● **WORK ORDER**:
Pictures do not belong in the copy; quote every entry below exactly.

-------

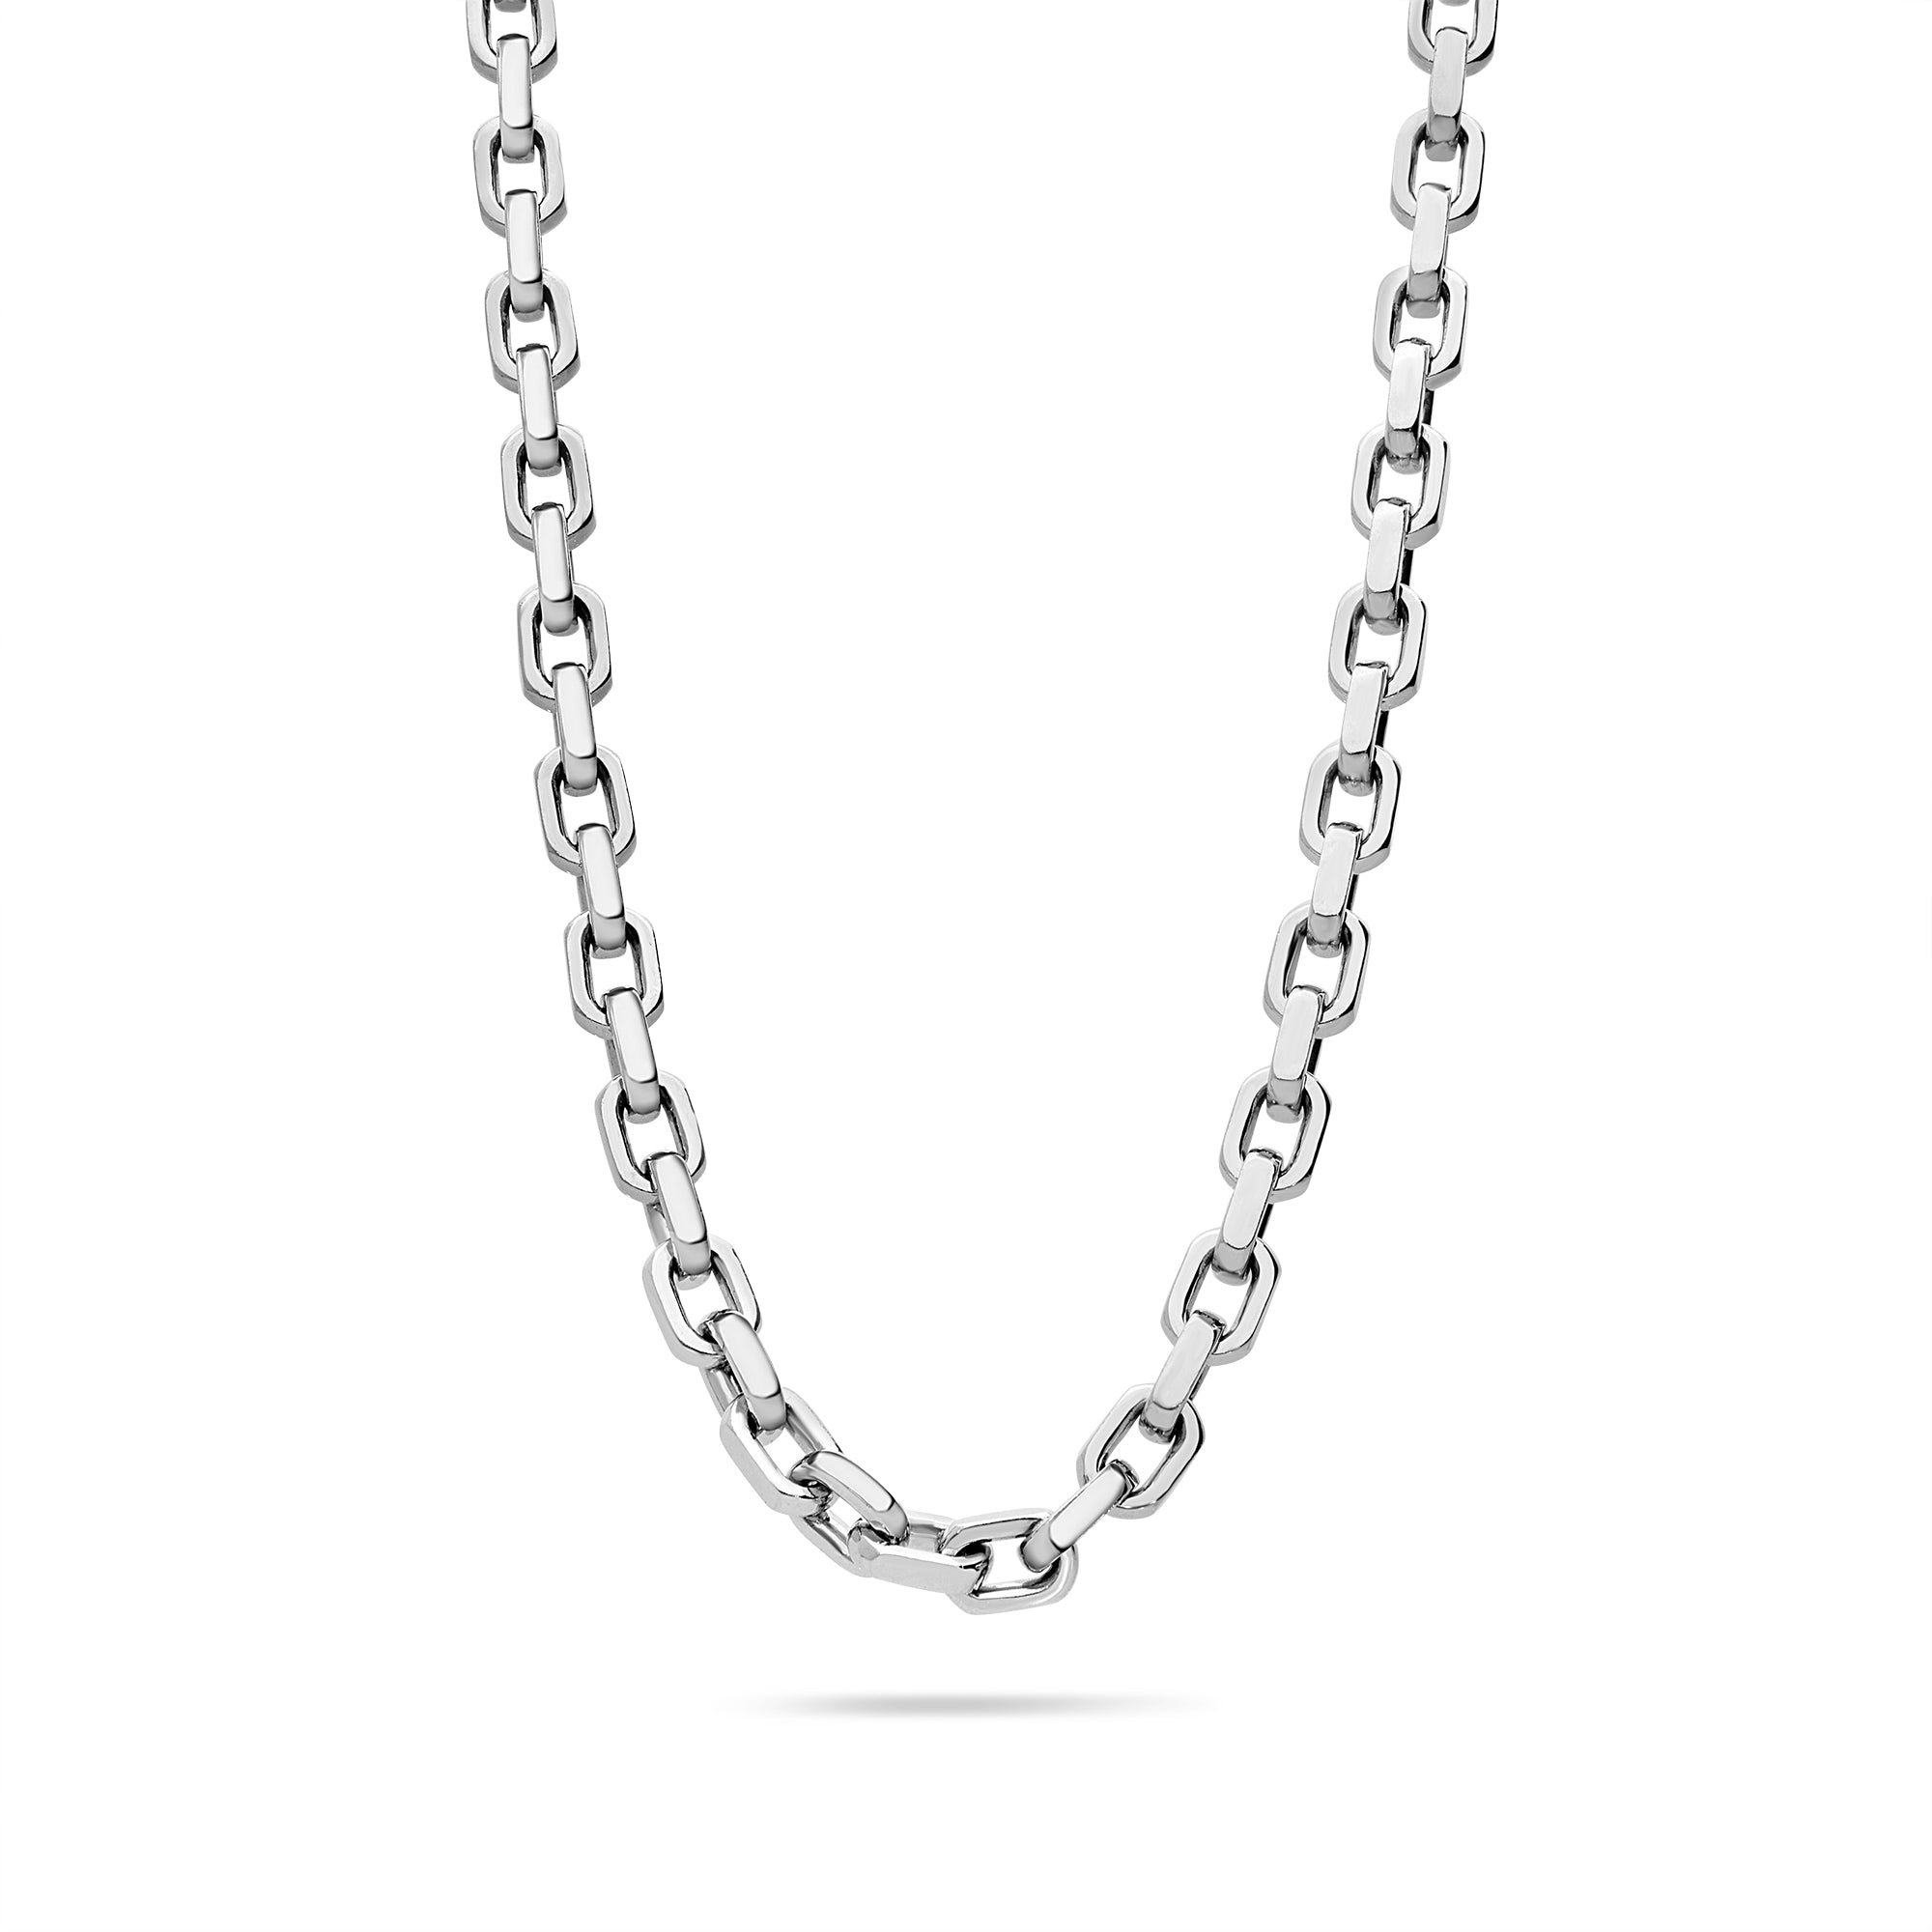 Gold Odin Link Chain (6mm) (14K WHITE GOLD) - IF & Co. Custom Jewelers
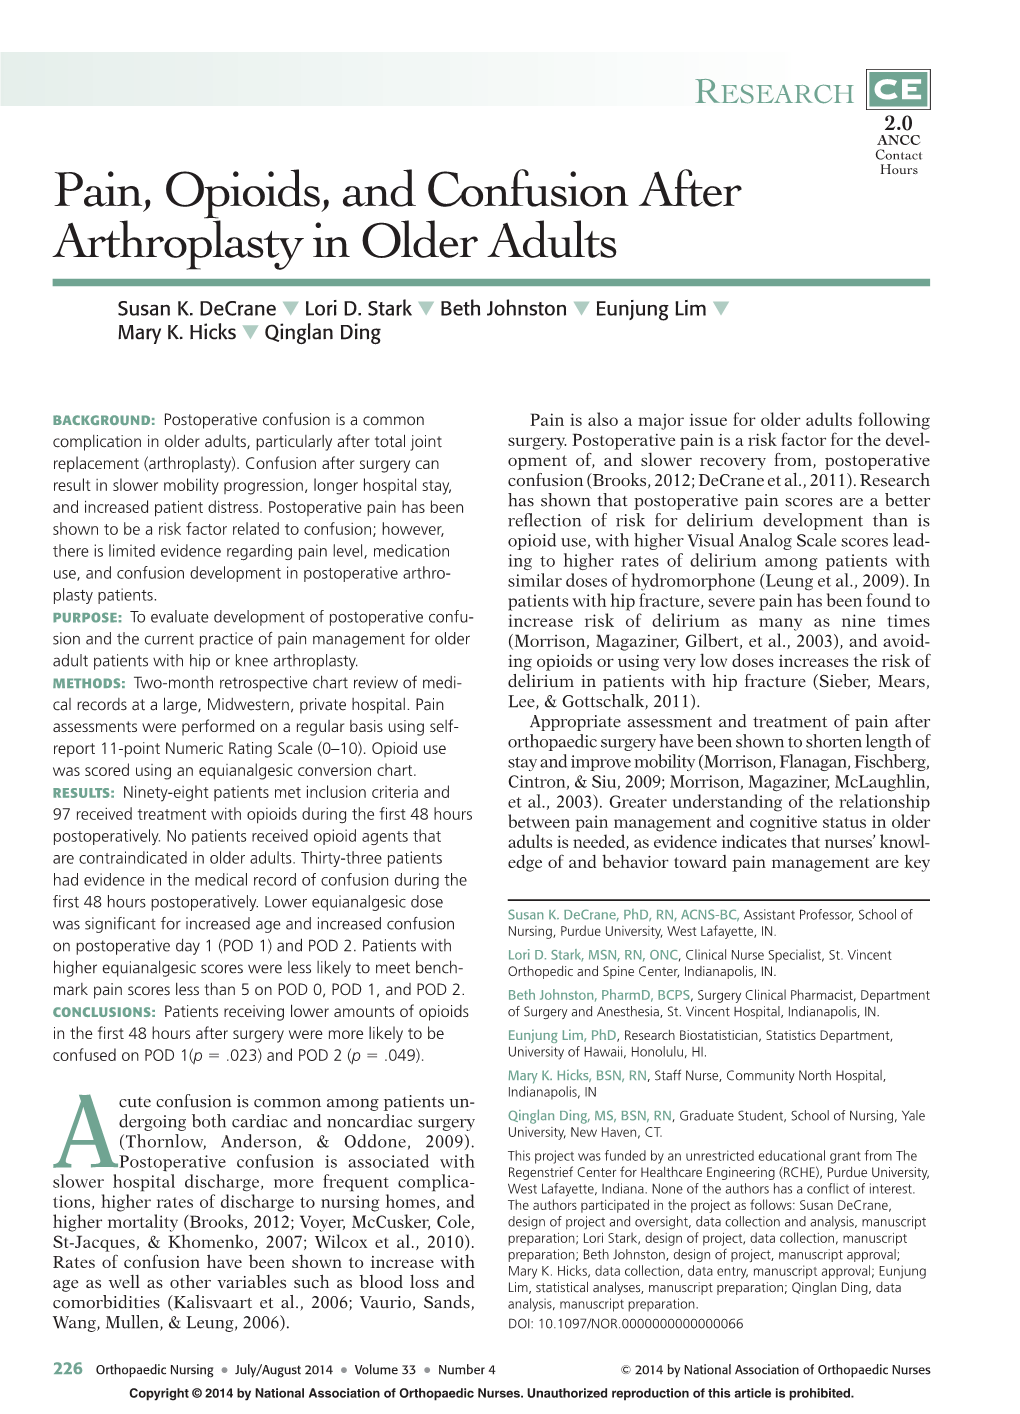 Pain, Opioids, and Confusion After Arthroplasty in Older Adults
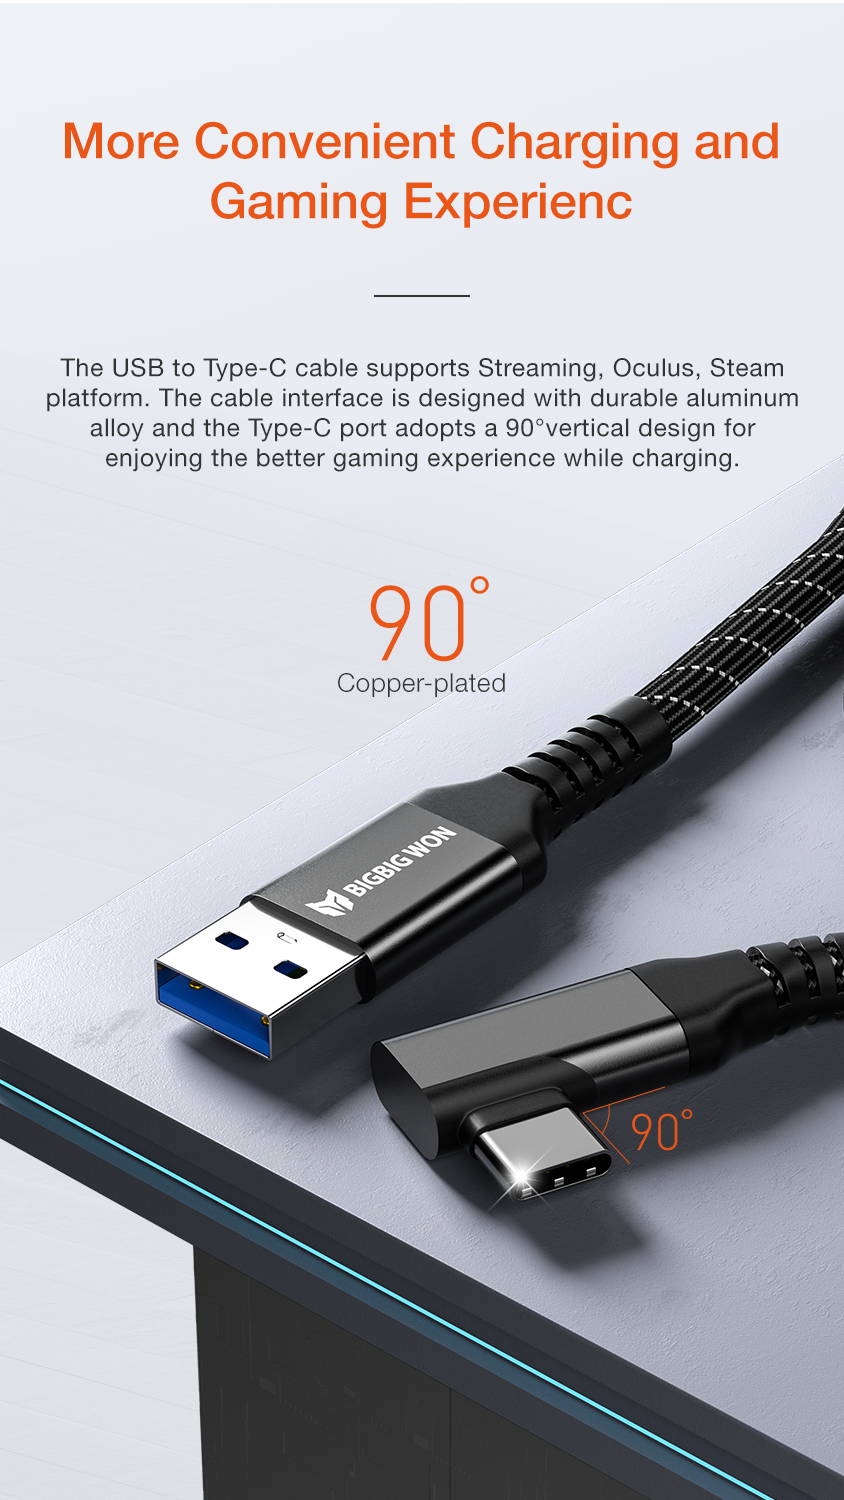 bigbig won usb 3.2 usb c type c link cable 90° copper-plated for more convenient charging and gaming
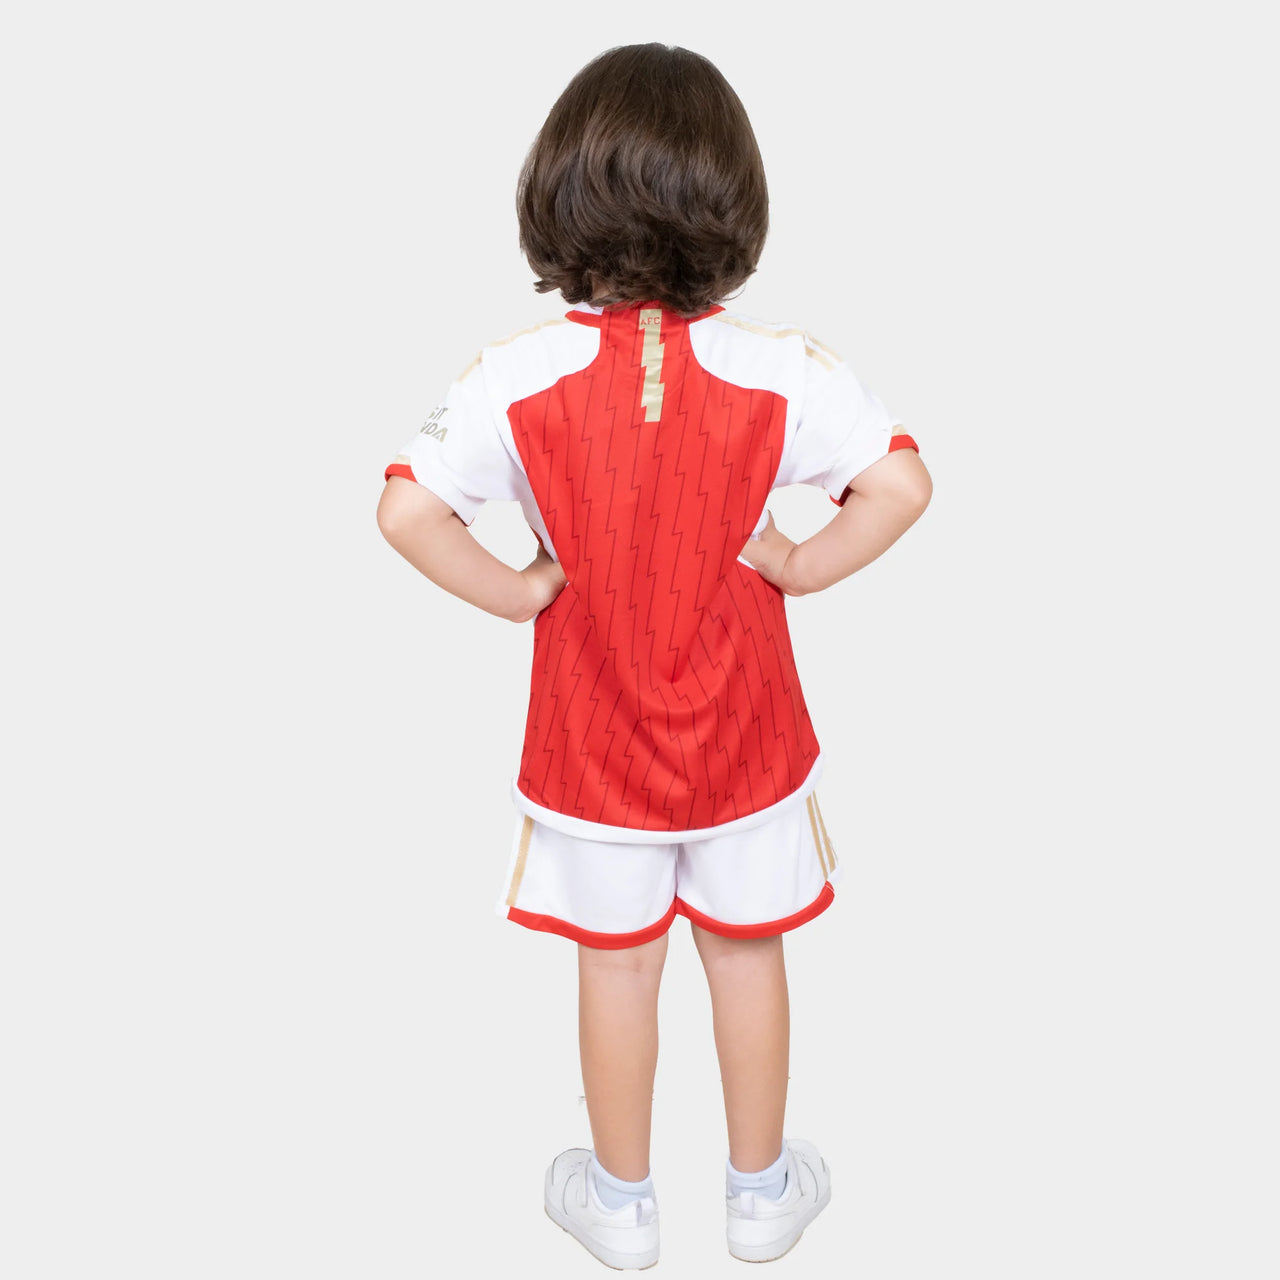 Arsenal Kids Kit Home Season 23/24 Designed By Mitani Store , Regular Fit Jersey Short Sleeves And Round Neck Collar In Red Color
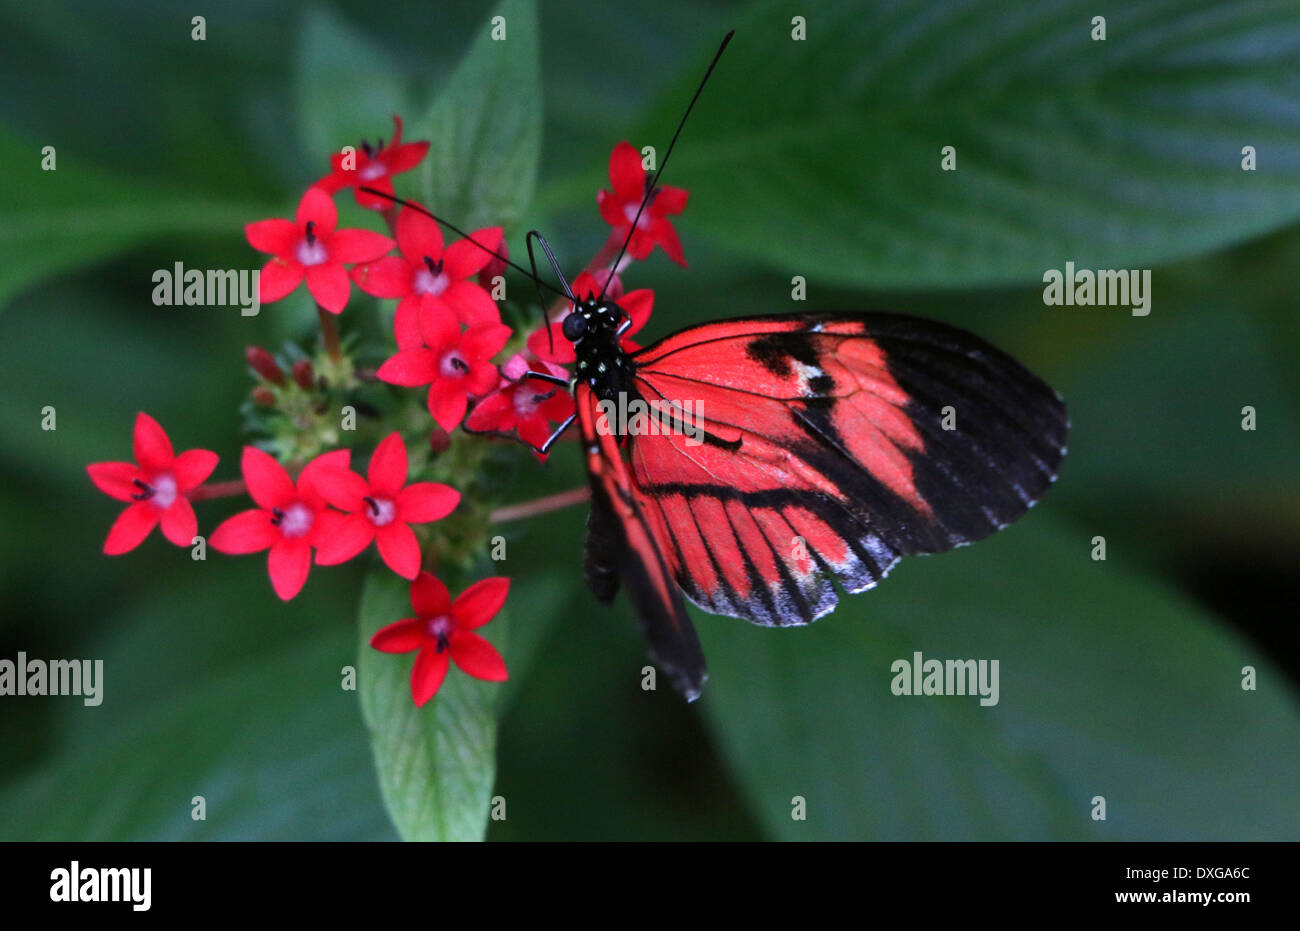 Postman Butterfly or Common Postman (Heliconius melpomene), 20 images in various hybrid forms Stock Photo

-------

● **TASK RESULT**:
 Gold Odin Link Chain (6mm) (14K WHITE GOLD) - IF & Co. Custom Jewelers
 Pain, Opioids, and Confusion After Arthroplasty in Older Adults
 bigbig won usb 3.2 usb c type c link cable 90° copper-plated for more convenient charging and gaming
 Arsenal Kids Kit Home Season 23/24 Designed By Mitani Store , Regular Fit Jersey Short Sleeves And Round Neck Collar In Red Color
 Postman Butterfly or Common Postman (Heliconius melpomene), 20 images in various hybrid forms Stock Photo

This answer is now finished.